## Sensitivity analysis demonstration

This notebook contains an example of how to account for uncertainty in the parameters of the production process. The resulting variability is explored through a Monte Carlo-based sensitivity analysis, in which different values are used to run the facility and the outputs of interest are compiled.

First we set up the Facility to analyse, just as in previous demos.

In [None]:
import biopharma as bp

facility = bp.Facility(data_path='data')

# Define the steps needed to create our single product
from biopharma.process_steps import (
    
)
steps = [
    
]
product = bp.Product(facility, steps)

# Need to explicitly call this so that later functions can refer to quantities of interest 
facility.load_parameters()

Once the facility is created, we can set up the sensitivity analysis. This requires two pieces of information:
* the aspects to be varied, and
* the outputs we are interested in.

The outputs are declared through selector functions, similar to how [optimisation targets are specified](Optimisation_demo.ipynb#optimisation_targets). In this example, we choose to track four outputs. Note that these outputs do not need to be related to the product: any parameter or output of a component can be tracked, by providing an appropriate selector function.

In [None]:
from biopharma import optimisation as opt

analyser = opt.SensitivityAnalyser(facility)

# Specify the variables whose sensitivity we are interested in.
analyser.add_output("CoG", component=opt.sel.product(0), item="cogs")
analyser.add_output("step_int_param", component=opt.sel.step('test_step'), item="int_param")
analyser.add_output("facility_info", component=opt.sel.facility(), item="param")

For each variable (uncertain aspect), we must say what distribution represents its possible values. There are several families of distributions available, each governed by appropriate parameters:

* Uniform (over a given domain)
* Triangular (over a given domain)
* Gaussian (with a given mean and variance)

Here, we choose two variables.

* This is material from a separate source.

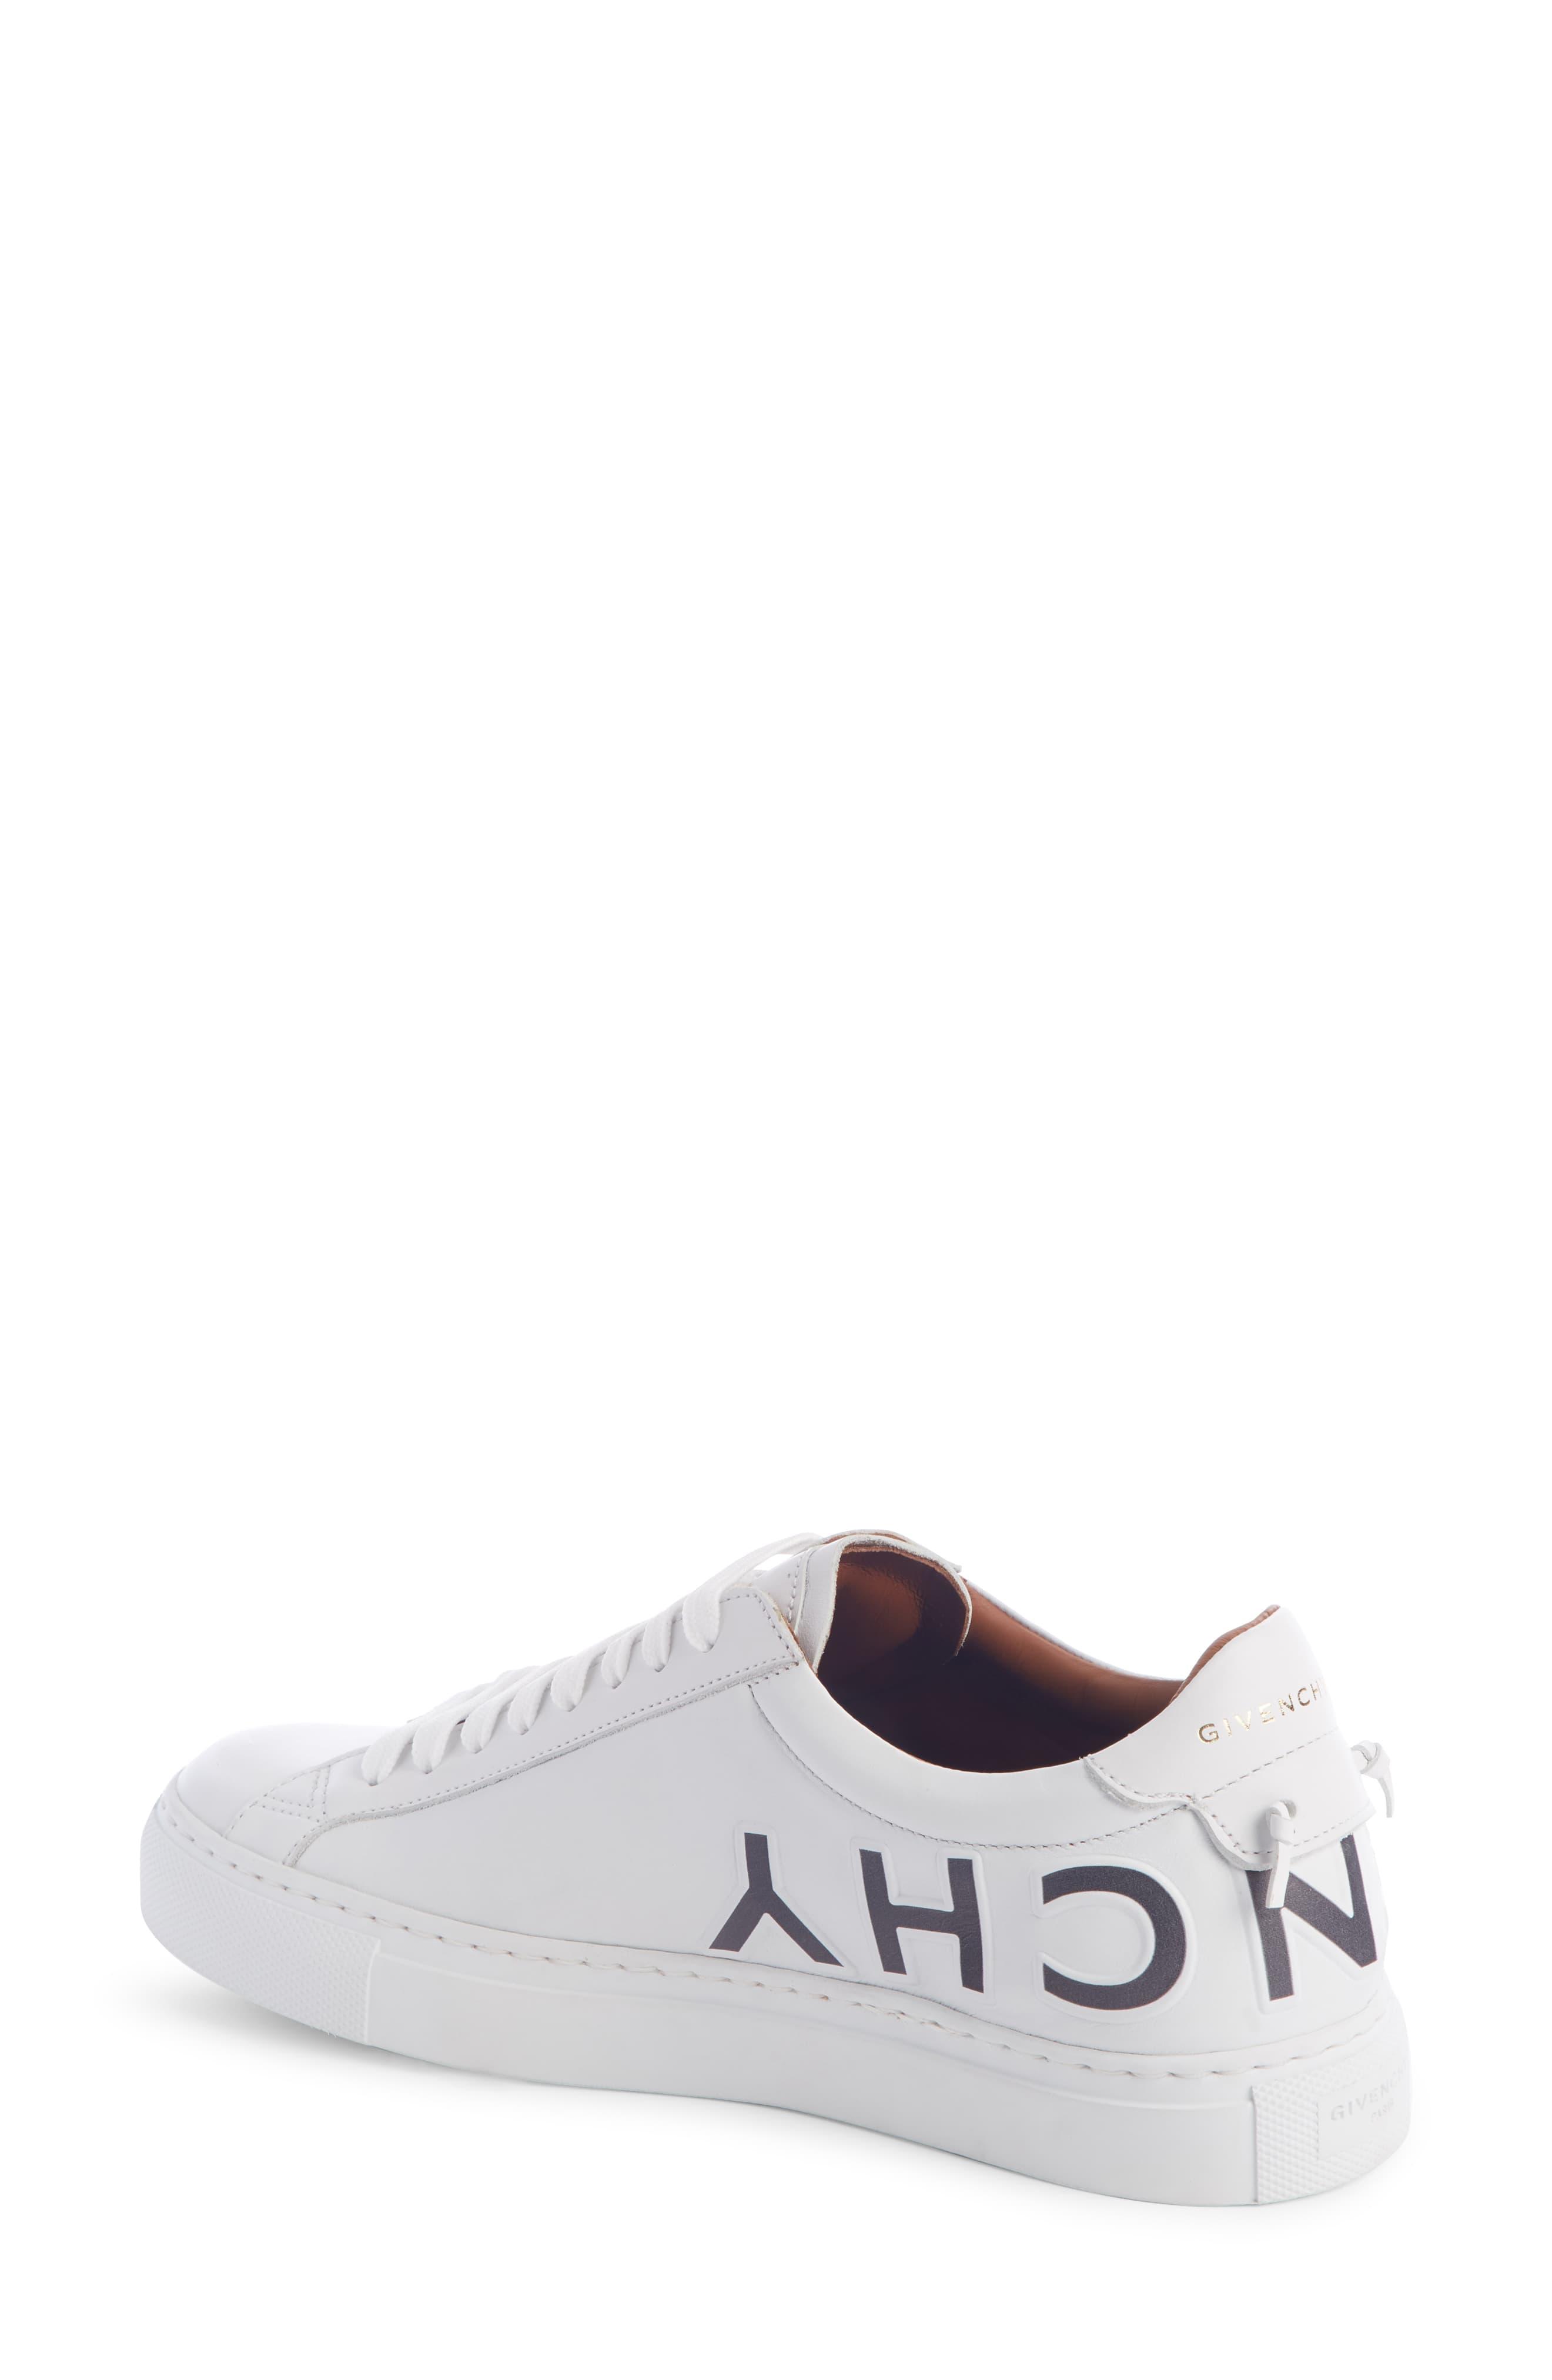 Givenchy Leather Urban Street Logo Sneaker in White/ Black (White) - Lyst

Both are given uniform distributions.

In [None]:
# Specify which aspects to vary.

param1_mean = facility.products[0].parameters["param1"]
param1_width = 2 * param1_mean.units
analyser.add_variable(gen=opt.dist.Uniform(param1_mean - param1_width, param1_mean + param1_width),
                      component=opt.sel.product(), item="param")

param2_mean = facility.products[0].parameters["param2"]
param2_width = 100000 * param2_mean.units
analyser.add_variable(gen=opt.dist.Uniform(param2_mean - param2_width, param2_mean + param2_width),
                      component=opt.sel.product(), item="param2")

We are now ready to run the sensitivity analysis and collect the results.

The commented-out line (starting with a '# ') shows how to override the number of samples, which by default is set to 100 in the [SensitivityAnalyser.yaml](data/SensitivityAnalyser.yaml) file.

In [None]:
# analyser.parameters["numberOfSamples"] = 1000
analyser.run()

For each output, we can access the minimum and maximum values recorded (```min```, ```max```), the average value (```avg```) and the variance (```var```):

In [None]:
print("Minimum CoG: {:f}".format(analyser.outputs["CoG"]["min"]))
print("Maximum CoG: {:f}".format(analyser.outputs["CoG"]["max"]))
from numpy import sqrt
print("Average CoG: {:f} +/- {:f}".format(analyser.outputs["CoG"]["avg"], sqrt(analyser.outputs["CoG"]["var"])))

We can also directly access the list of all the values encountered (```all```), to examine their distribution in more detail:

In [None]:
# Plot a histogram of the CoG
import matplotlib.pyplot as plt
# The values to be plotted must first have their units removed
values = [value.magnitude for value in analyser.outputs["CoG"]["all"]]
units = analyser.outputs["CoG"]["all"][0].units
plt.hist(values)
plt.xlabel("Cost of goods ({})".format(units))
plt.ylabel("Frequency")
plt.show()

Some parameter values can lead to errors when evaluating the facility output (e.g. if a negative value is chosen for a quantity which must be positive). A careful choice of distributions for the variables can help avoid such problems. If, however, an error does occur, that particular run will be discarded and will not count towards the total number of runs requested. The number of failed runs is available as an output after the analysis is complete:

In [None]:
analyser.outputs["failed_runs"]

As with optimisation, it is possible to replicate a sensitivity analysis by specifying an initial random state. For more details, see the [relevant section in the optimisation demo](Optimisation_demo.ipynb#replication).